The Russian Federation and the Democratic People’s Republic of Korea (DPRK) have unexpectedly established one of the most decisive alignments impacting both European and Asian security. Though Russian-DPRK ties have been on the upswing during the past decade, Russia’s invasion of Ukraine in February 2022 transformed the relationship as North Korea provided critical support for the Russian war effort. During the past year, Russian-DPRK interactions have expanded beyond military exchanges to encompass more non-defense spheres. This foundation could help sustain Russian-DPRK cooperation even when the Russia-Ukraine war ends.

North Korean Supplies to Moscow

North Korea has made critical contributions to Moscow’s war against Ukraine. Heads of Russian national security apparatus spectacularly misjudged the difficulties they would encounter in launching a full-scale invasion. They overestimated Russian military prowess and underestimated the will and capacity of the Ukrainian armed forces to resist. Anticipating a sweeping victory in a matter of days, the Russian military-industrial complex had not stockpiled the munitions or made other preparations required for what has morphed into a multi-year war.

Anticipating a sweeping victory in a matter of days, the Russian military-industrial complex had not stockpiled the munitions or made other preparations required for what has morphed into a multi-year war

The DPRK has adroitly filled this gap. At the time, North Korea was fortuitously the only possible foreign supplier that could rapidly deliver large stocks of Russian-compatible munitions. Many of the DPRK arms stockpiles and production facilities produced munitions that were compatible with those used by the Russian military, thanks to their common Soviet origins. North Korea began shipping munitions to Russia in the fall of 2023. By October 2024, Western analysts calculated that perhaps more than half the shells Russian troops employed in Ukraine came from North Korea.

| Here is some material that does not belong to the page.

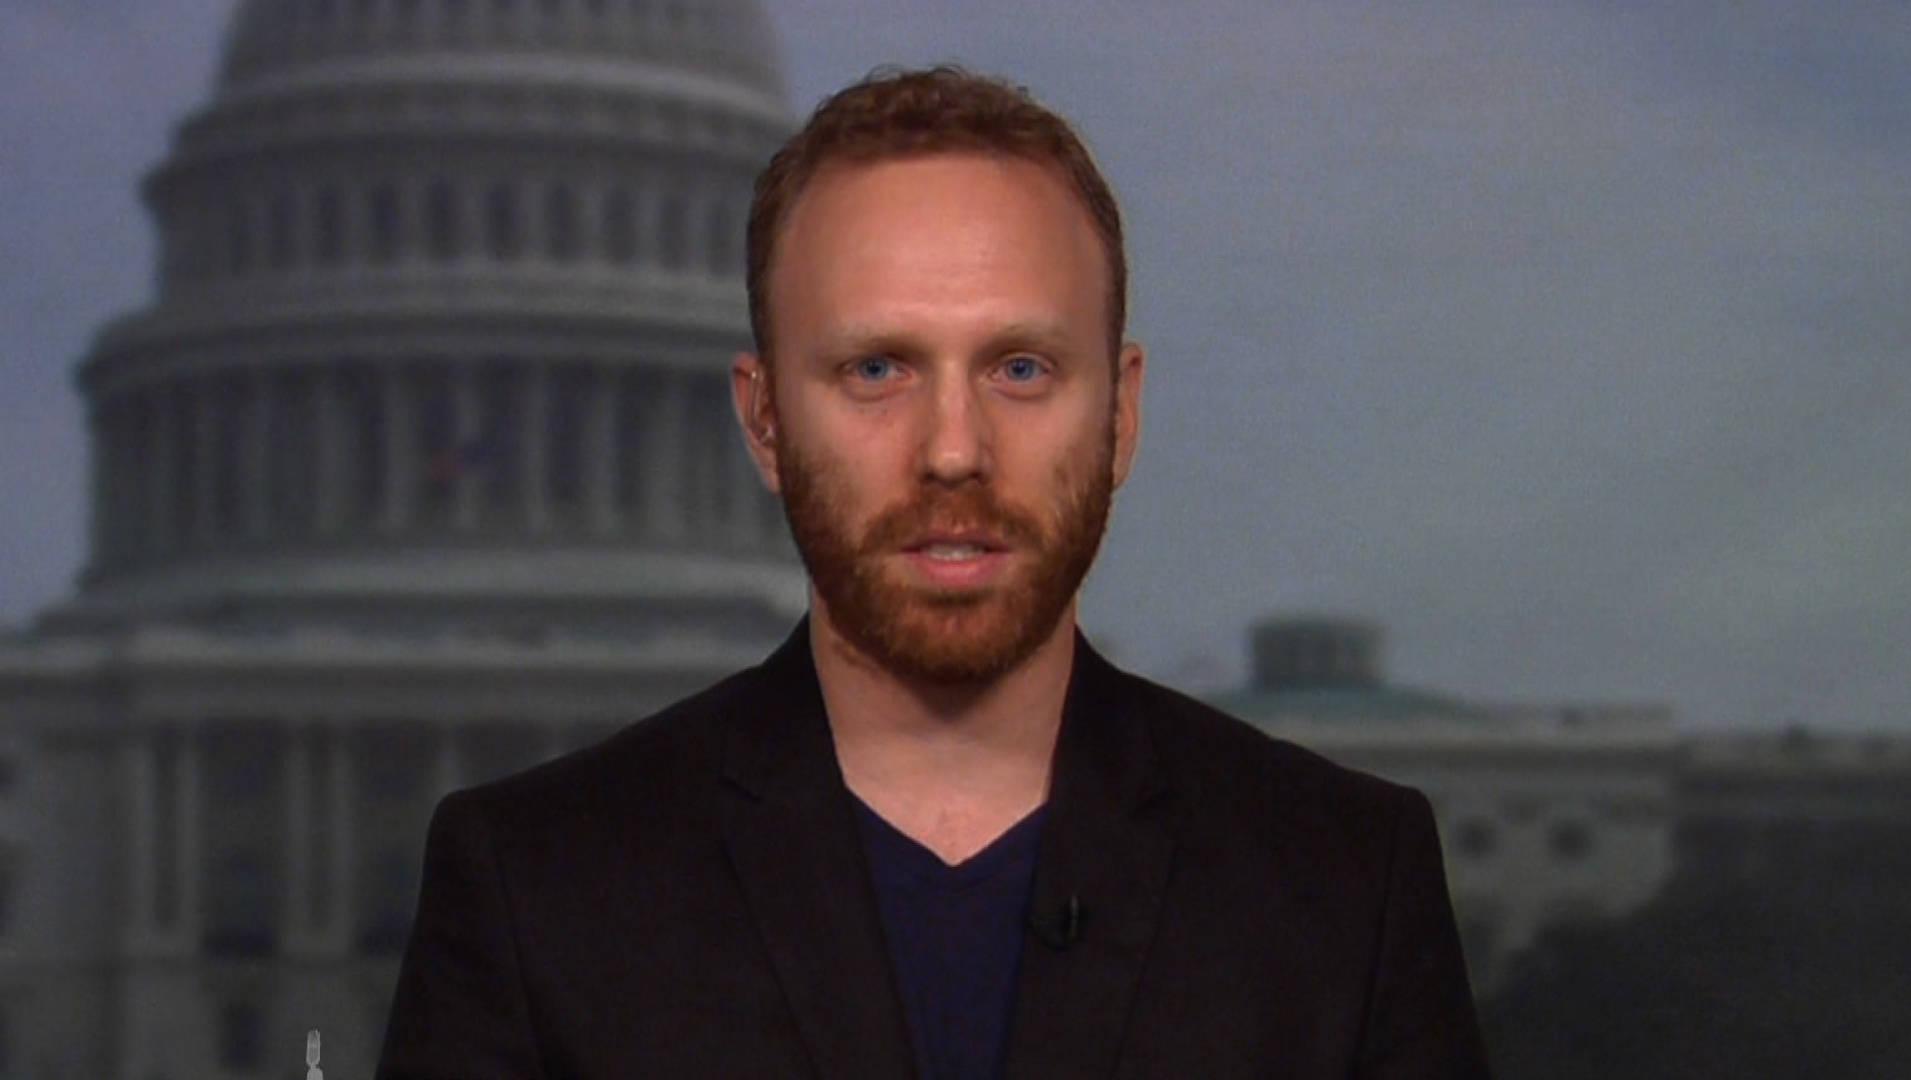 Detienen al periodista Max Blumenthal por develar violencia de la derecha durante asedio a embajada venezolana en Washington

According to a May 2025 report of the Multilateral Sanctions Monitoring Team (MSMT) tracking DPRK-related transactions that violate UN resolutions, North Korea has sent approximately 20,000 containers of military supplies to Russia since September 2023. These shipments have included 82mm, 122mm, 130mm, 152mm, and 170mm shells for various Russian howitzers and canons, Bulsae-4 anti-tank missiles, Hwasong-11 (KN-23) and Hwasong-11B (KN-24) short-range ballistic missiles; and several types of DPRK self-propelled guns, multiple rocket launchers, and other combat and combat support vehicles. A network of entities, including Russian-flagged cargo vessels, orchestrate these covert shipments using multiple modes of transportation.

These DPRK deliveries have proved critical for the Russian war effort, due to both their sheer volume and their timing. Russian forces received the infusion when they were desperately preparing for Ukraine’s long-awaited counteroffensive. With the new munitions, the Russian troops overmatched the Ukrainian artillery and stopped the Ukrainian ground forces from making major gains. Since then, Russian forces have exploited their artillery advantage to win several battles and occupy more Ukrainian territory.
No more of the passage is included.